▶ ACTIVITY:
Drop the images; return everything else in the listing below exactly.

▶ DATA SECTION:
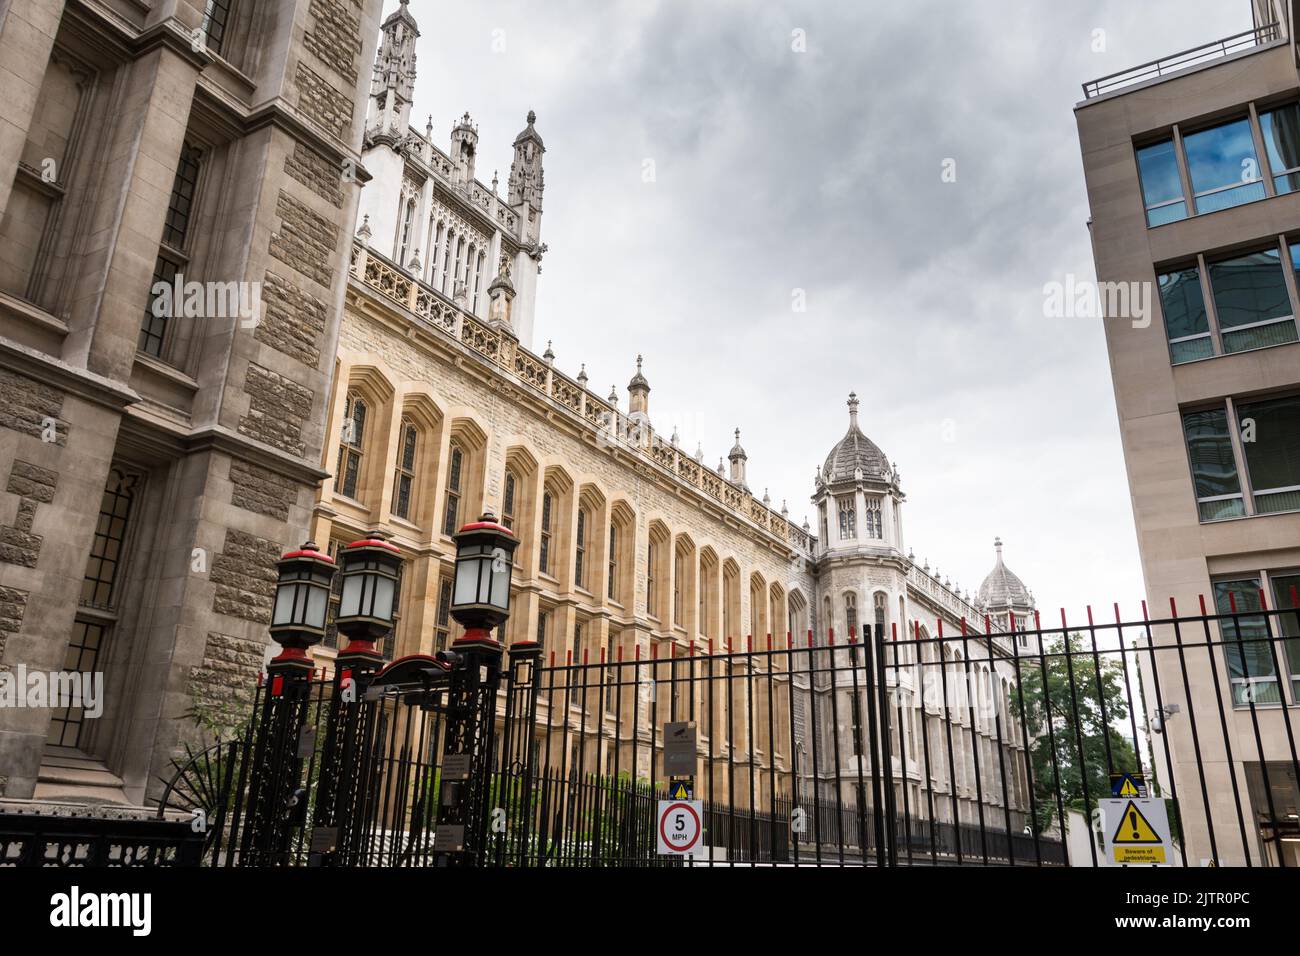 The Maughan Library, King's College London, Fetter Lane, London, England, UK Stock Photo
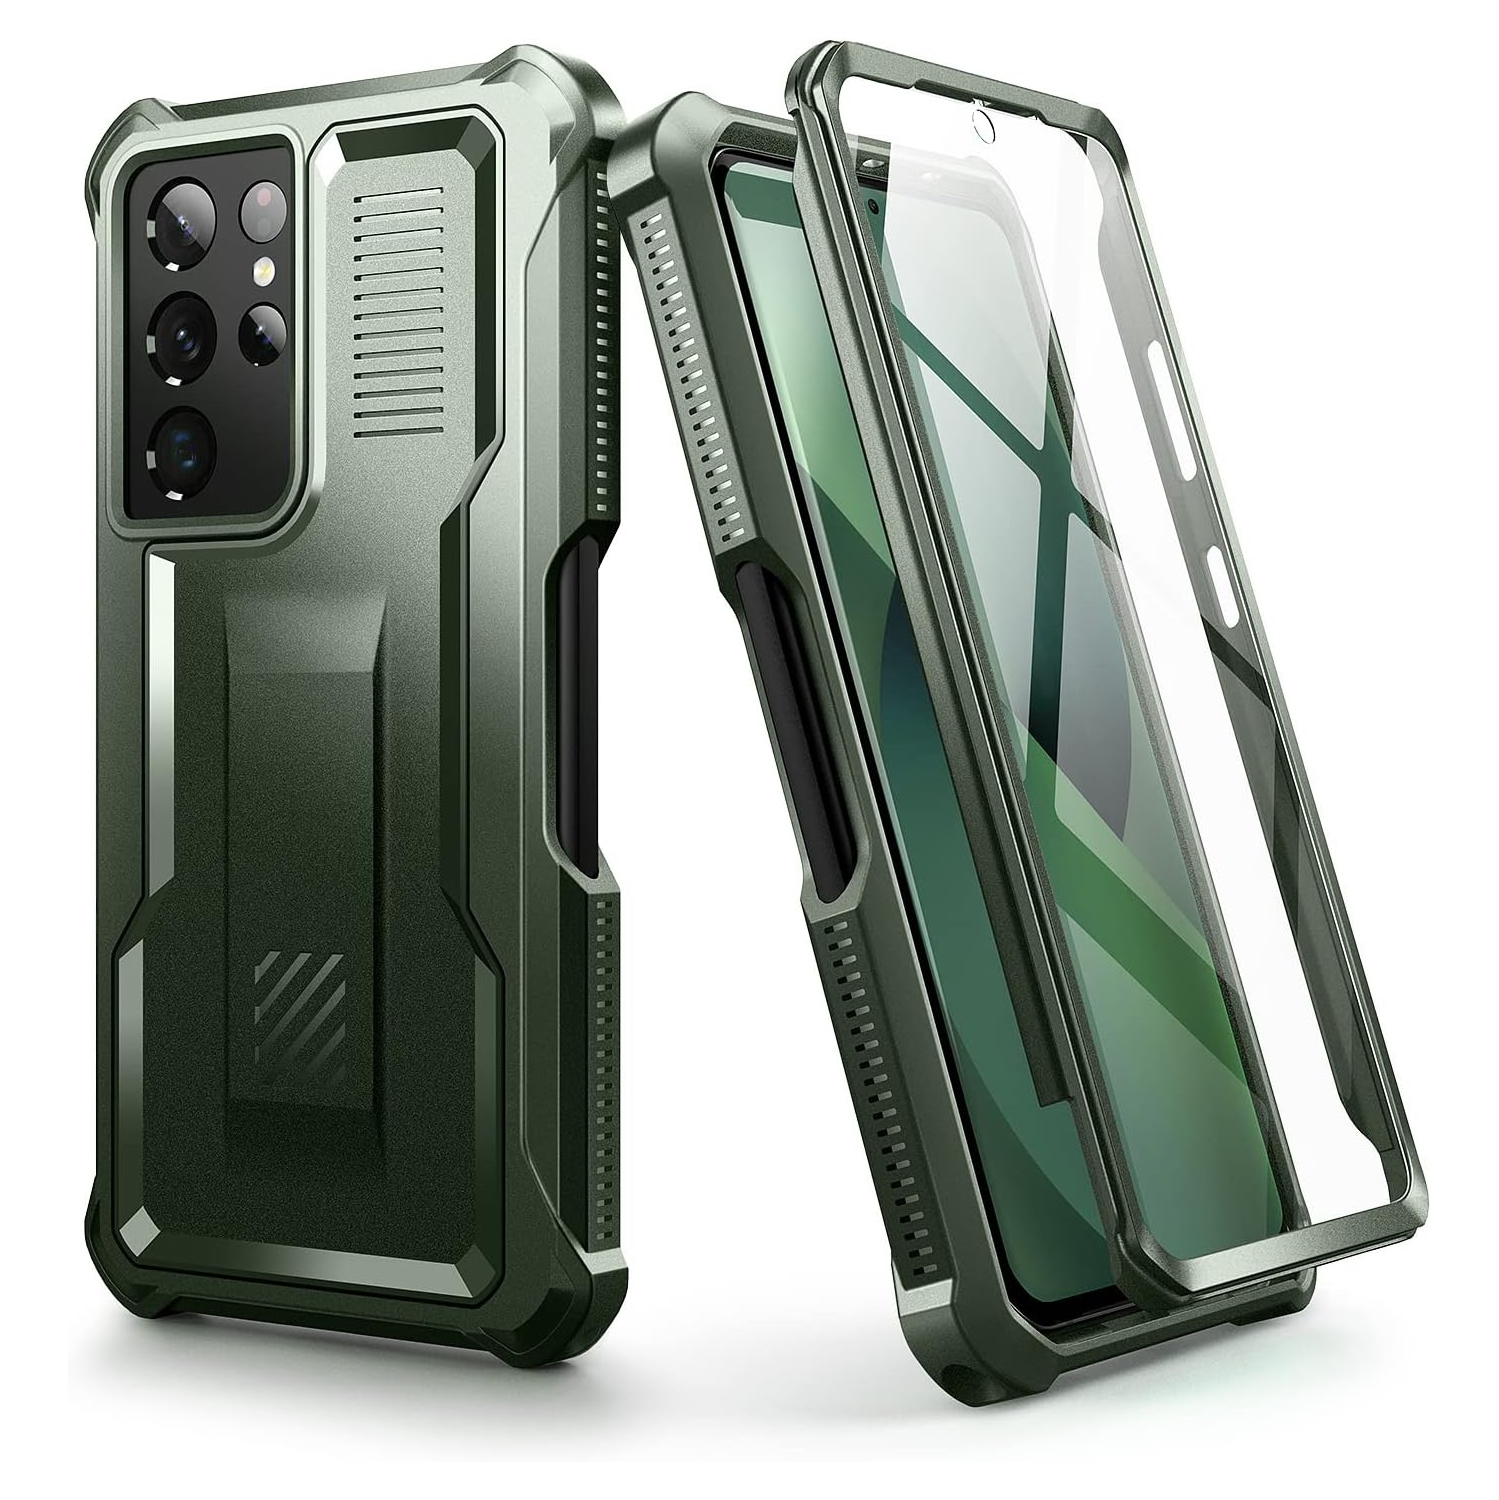 Case for Samsung Galaxy S21 Ultra with Built-in Screen Protector Military Grade Armour Heavy Duty Front and Back
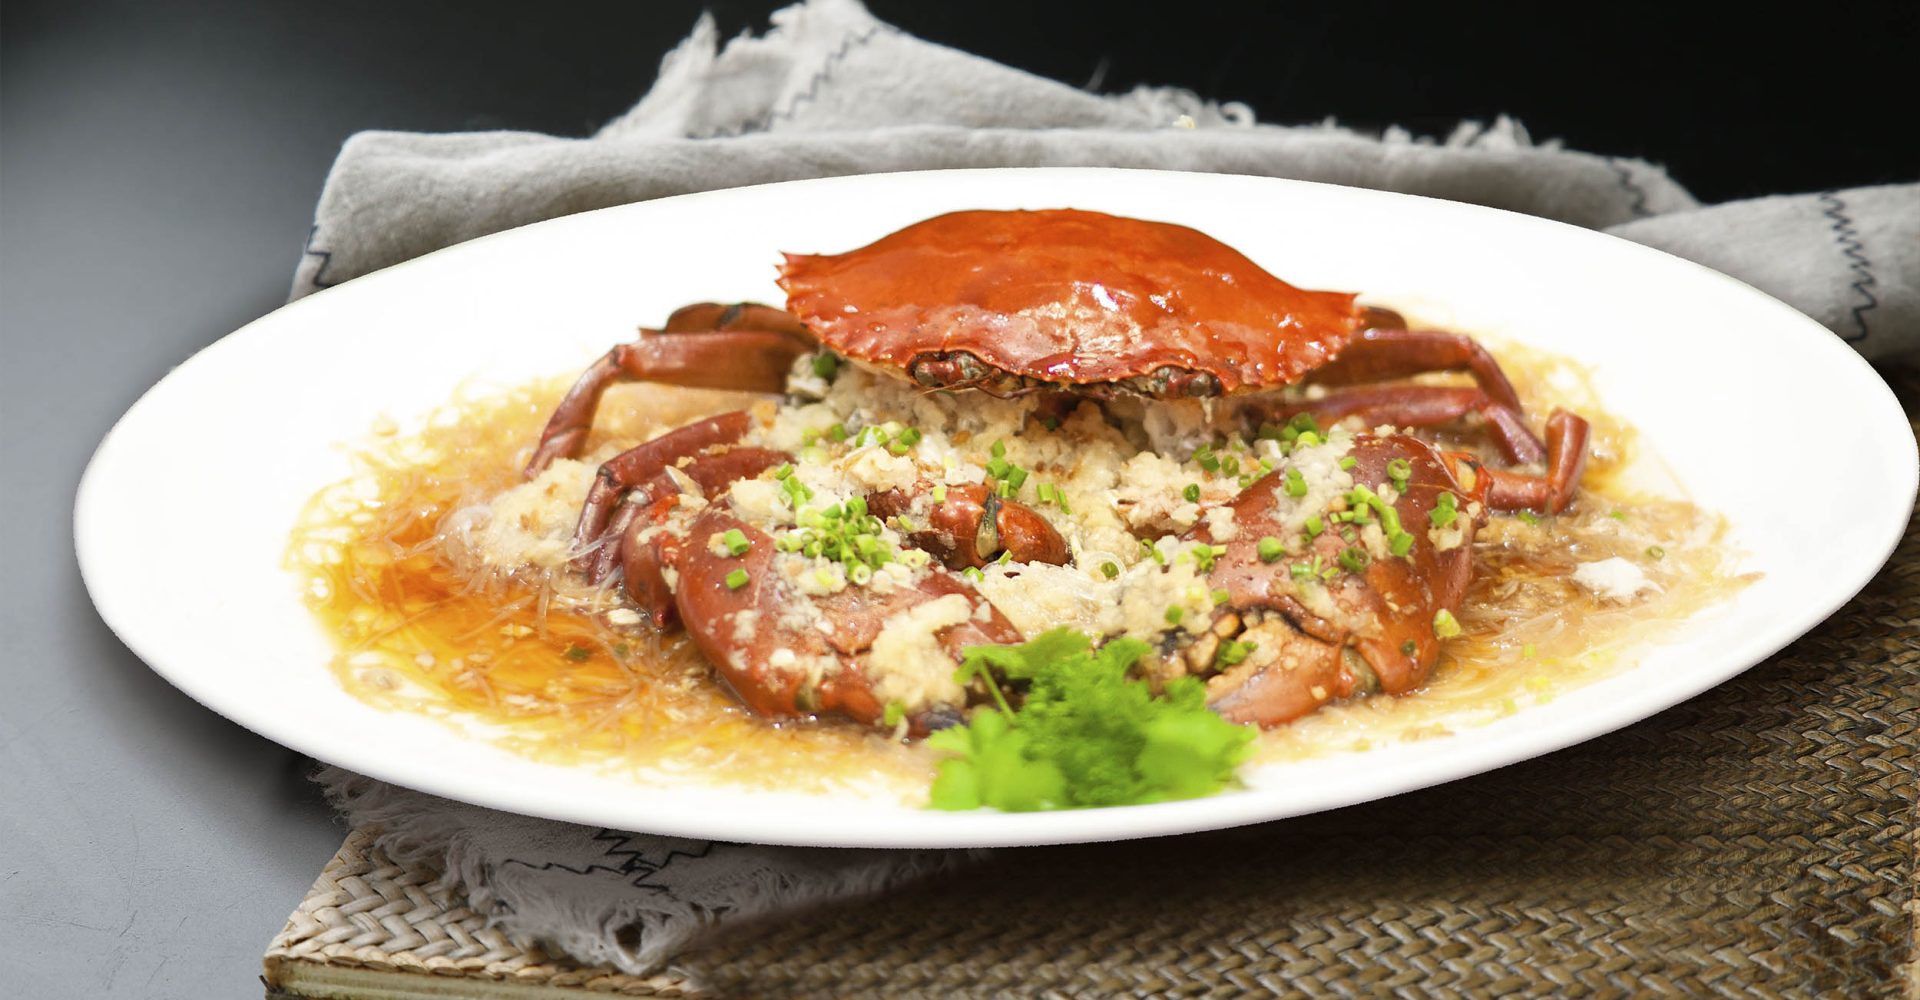 Xiu Live Seafood (crab) - Steamed crab with garlic and vermicelli
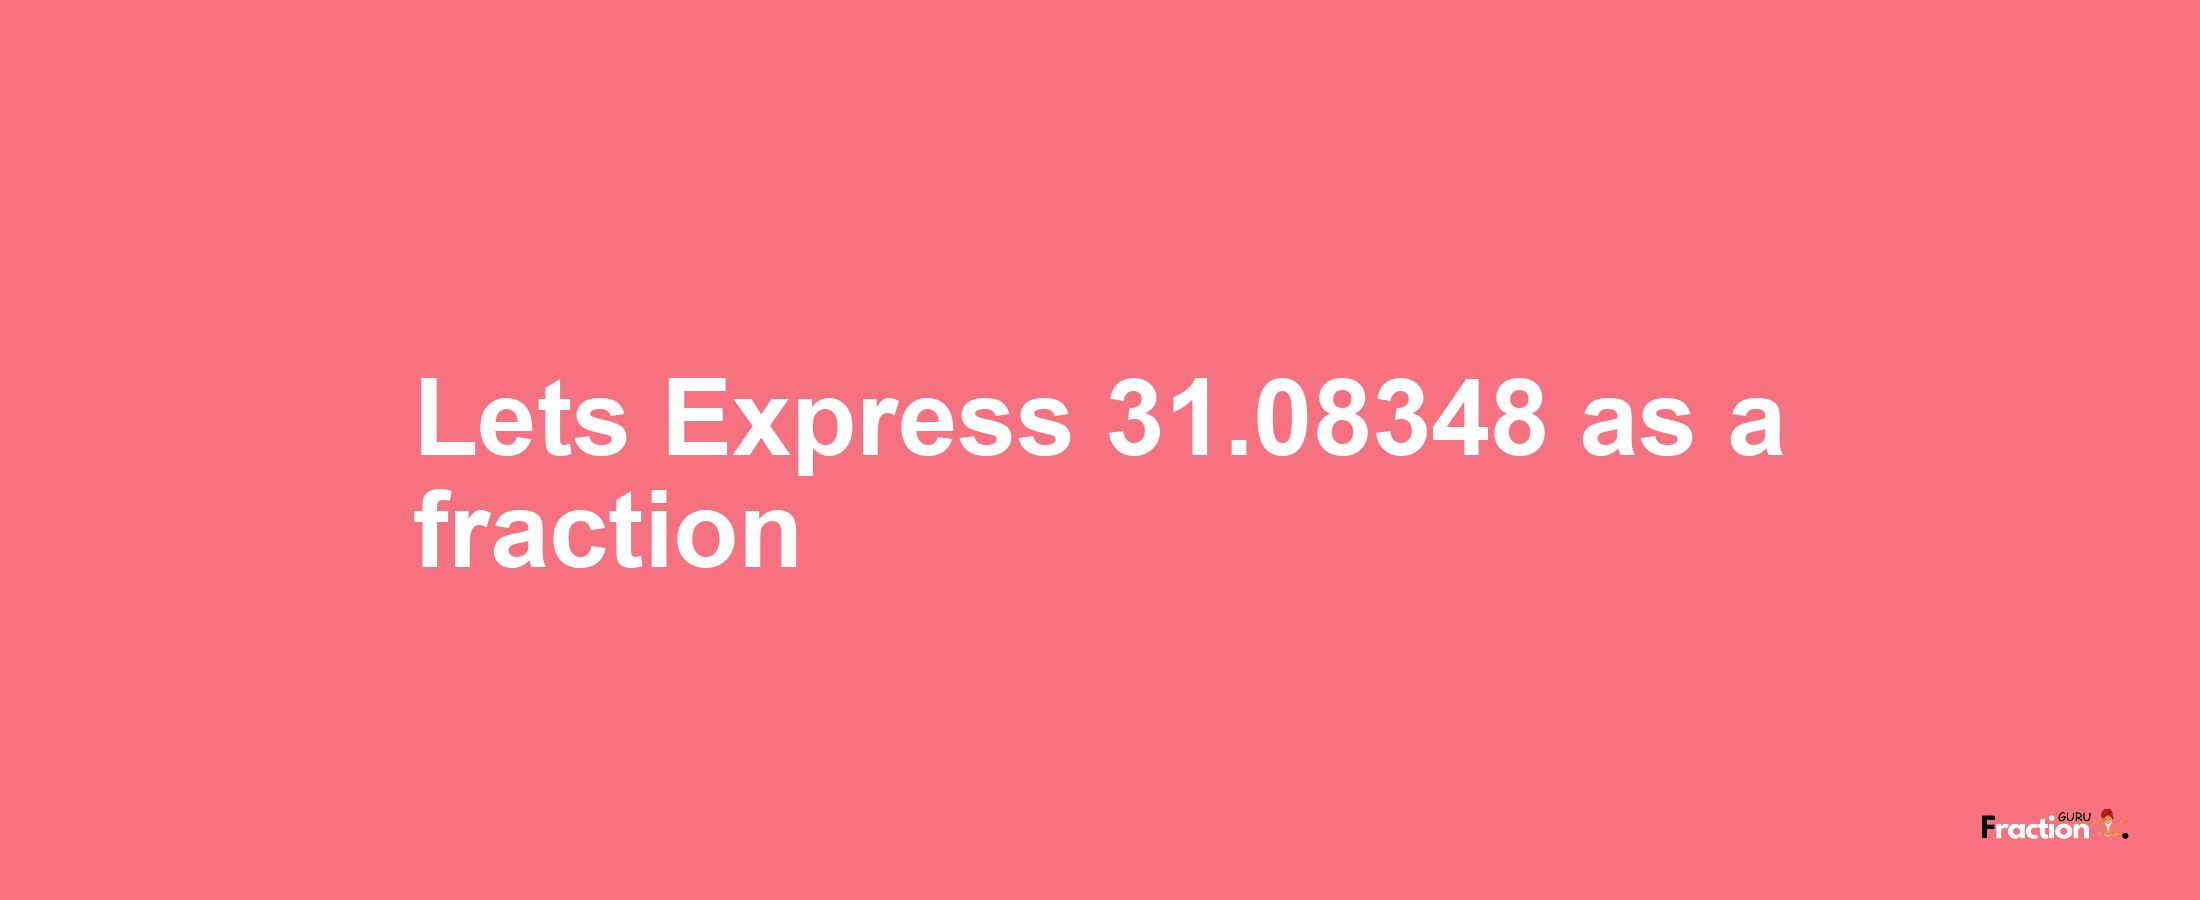 Lets Express 31.08348 as afraction

▶ TASK RESPONSE:
 The Maughan Library, King's College London, Fetter Lane, London, England, UK Stock Photo
 Case for Samsung Galaxy S21 Ultra with Built-in Screen Protector Military Grade Armour Heavy Duty Front and Back
 Xiu Live Seafood (crab) - Steamed crab with garlic and vermicelli
 Lets Express 31.08348 as afraction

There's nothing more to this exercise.